━━ SUPPLIED MATERIAL ━━

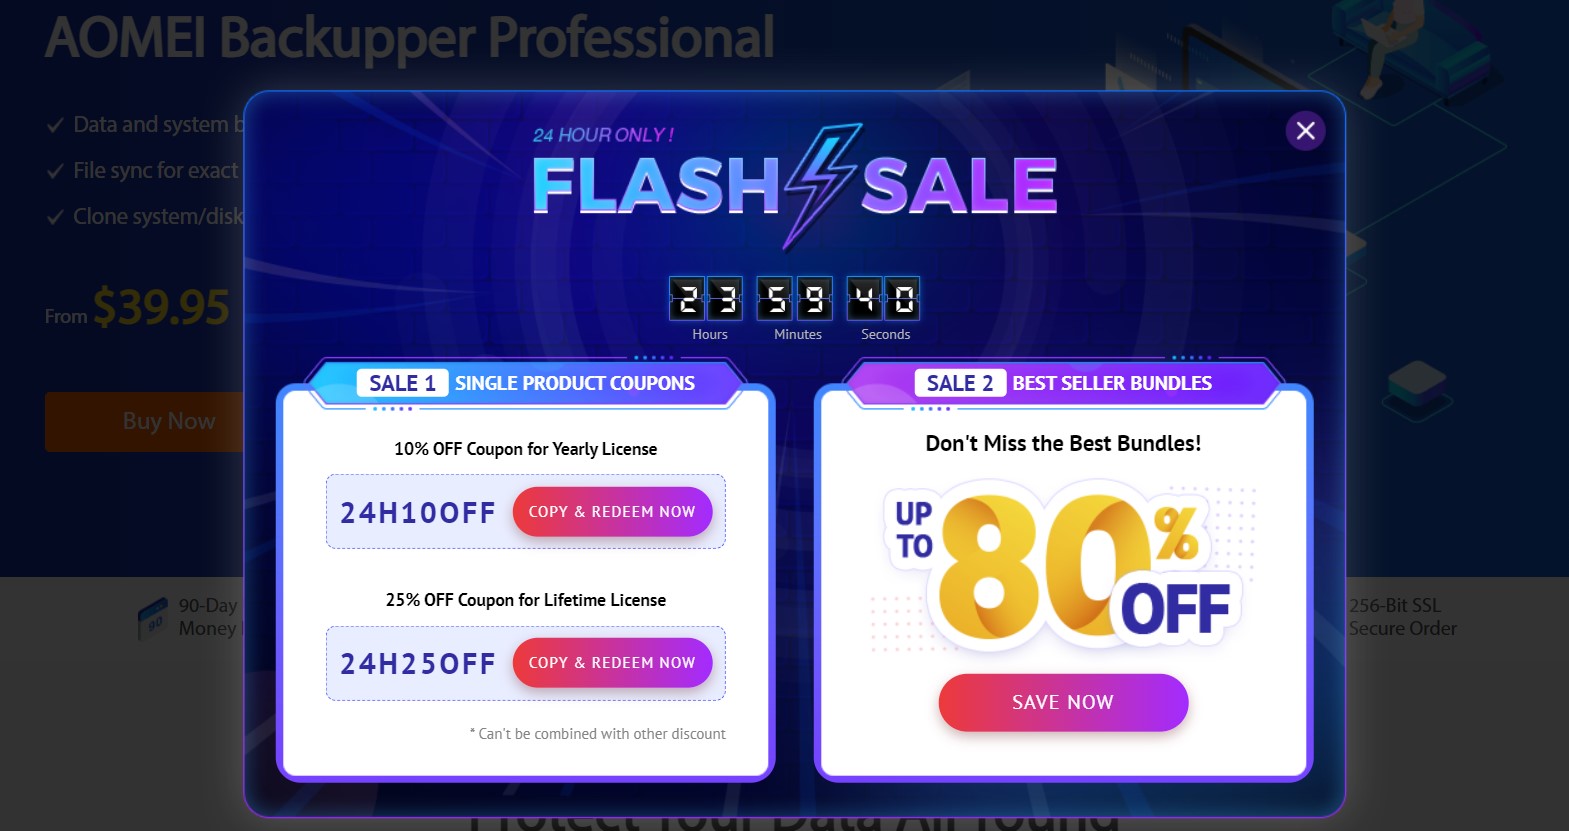 flash sale discount image
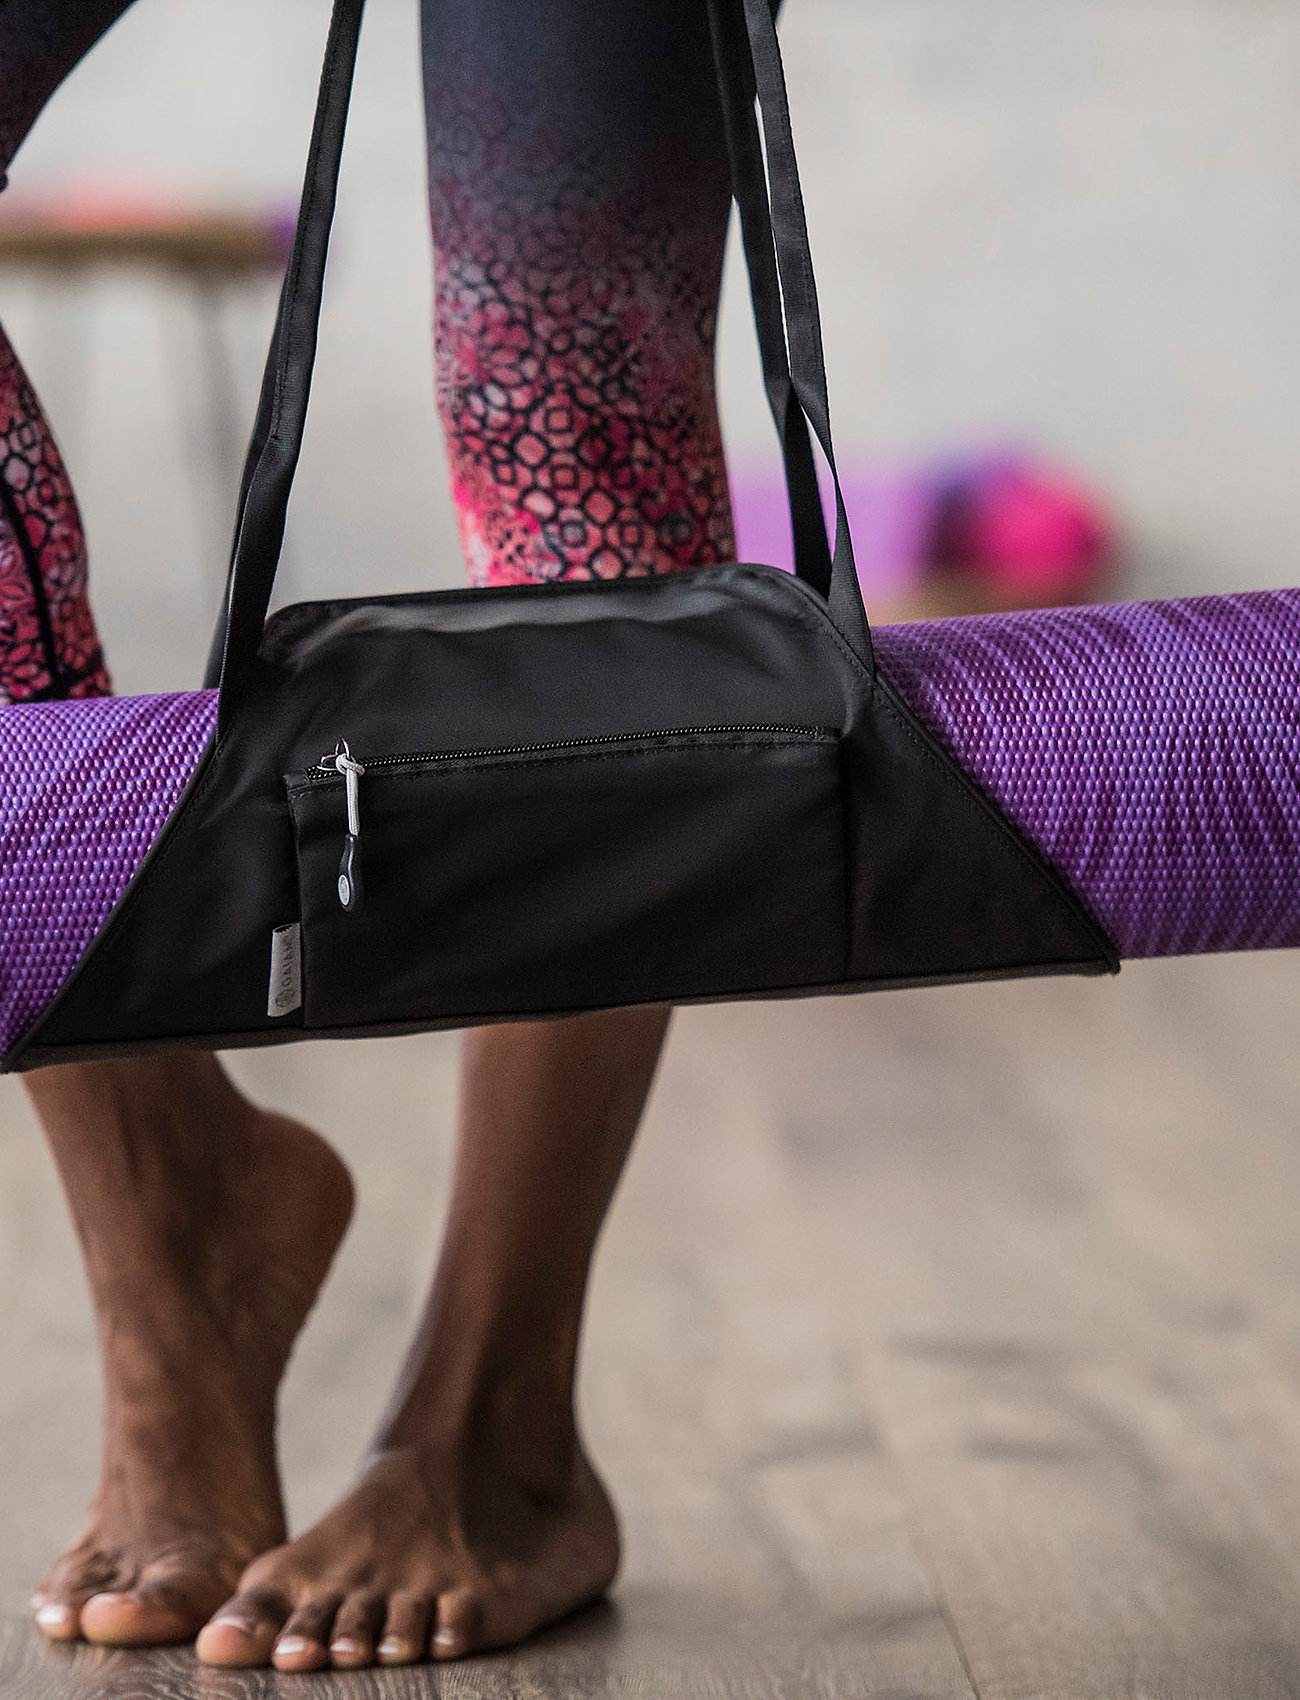 Gaiam Gaiam On-the-go Yoga Mat Carrier Citron/storm - Sports
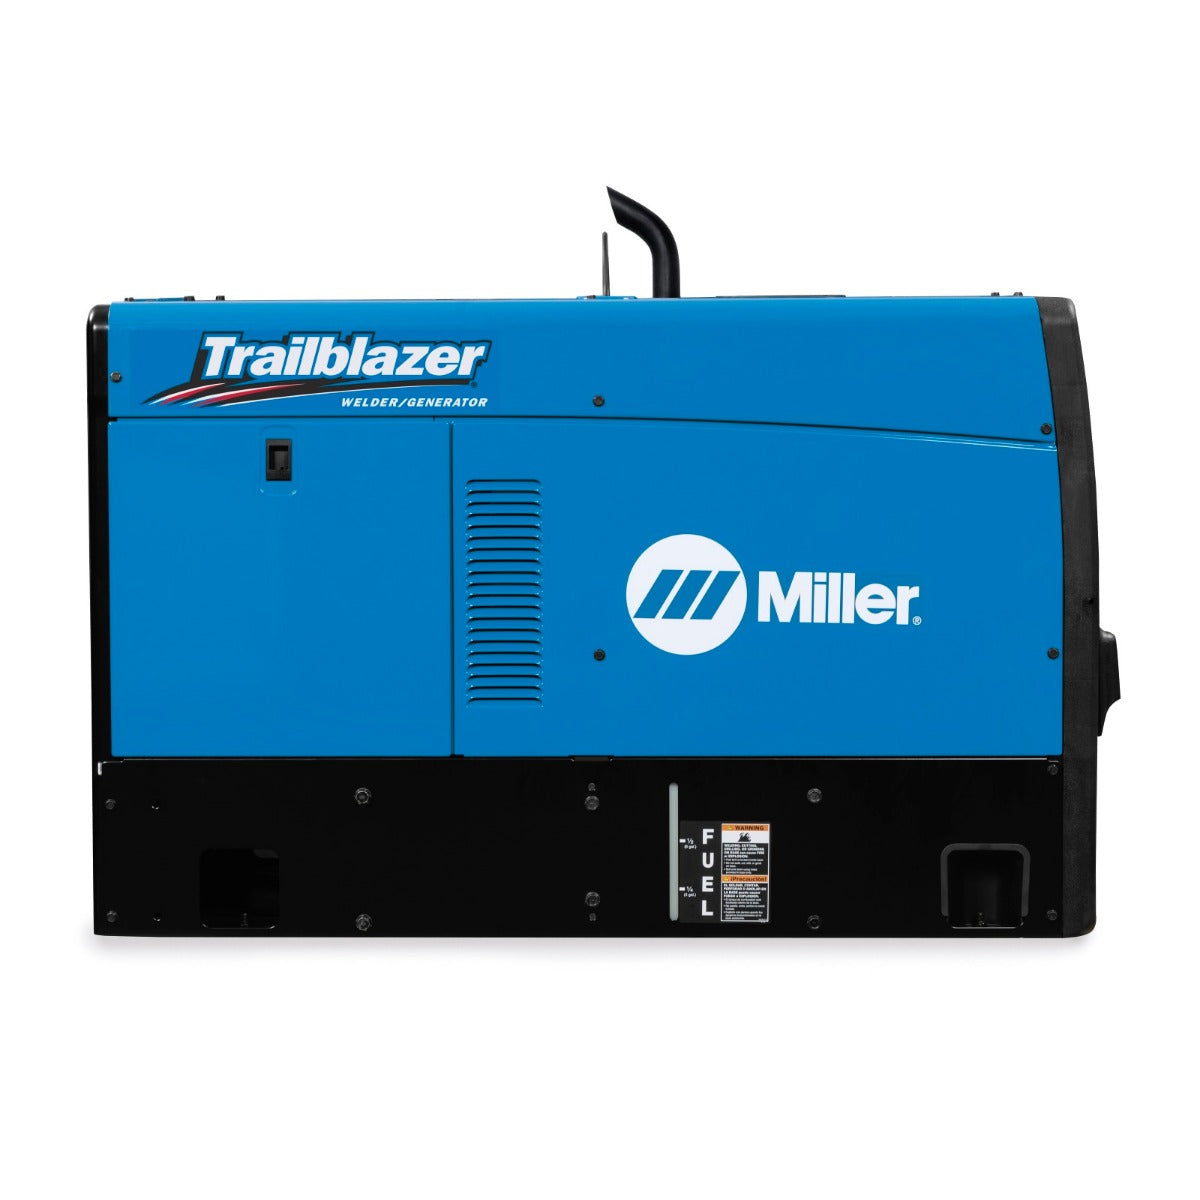 Miller Trailblazer 325 Kubota Diesel Generator w/GFCI and ArcReach (907799001)

━━━

**WHAT IS REQUIRED:** Starting at the line that contains "Gaiam Gaiam On-the-go", retype each line through the final one in the listing, with both ends kept and the pictures omitted.

**RESPONSE TO THE TASK:**
 Gaiam Gaiam On-the-go Yoga Mat Carrier Citron/storm - Sports
 Miller Trailblazer 325 Kubota Diesel Generator w/GFCI and ArcReach (907799001)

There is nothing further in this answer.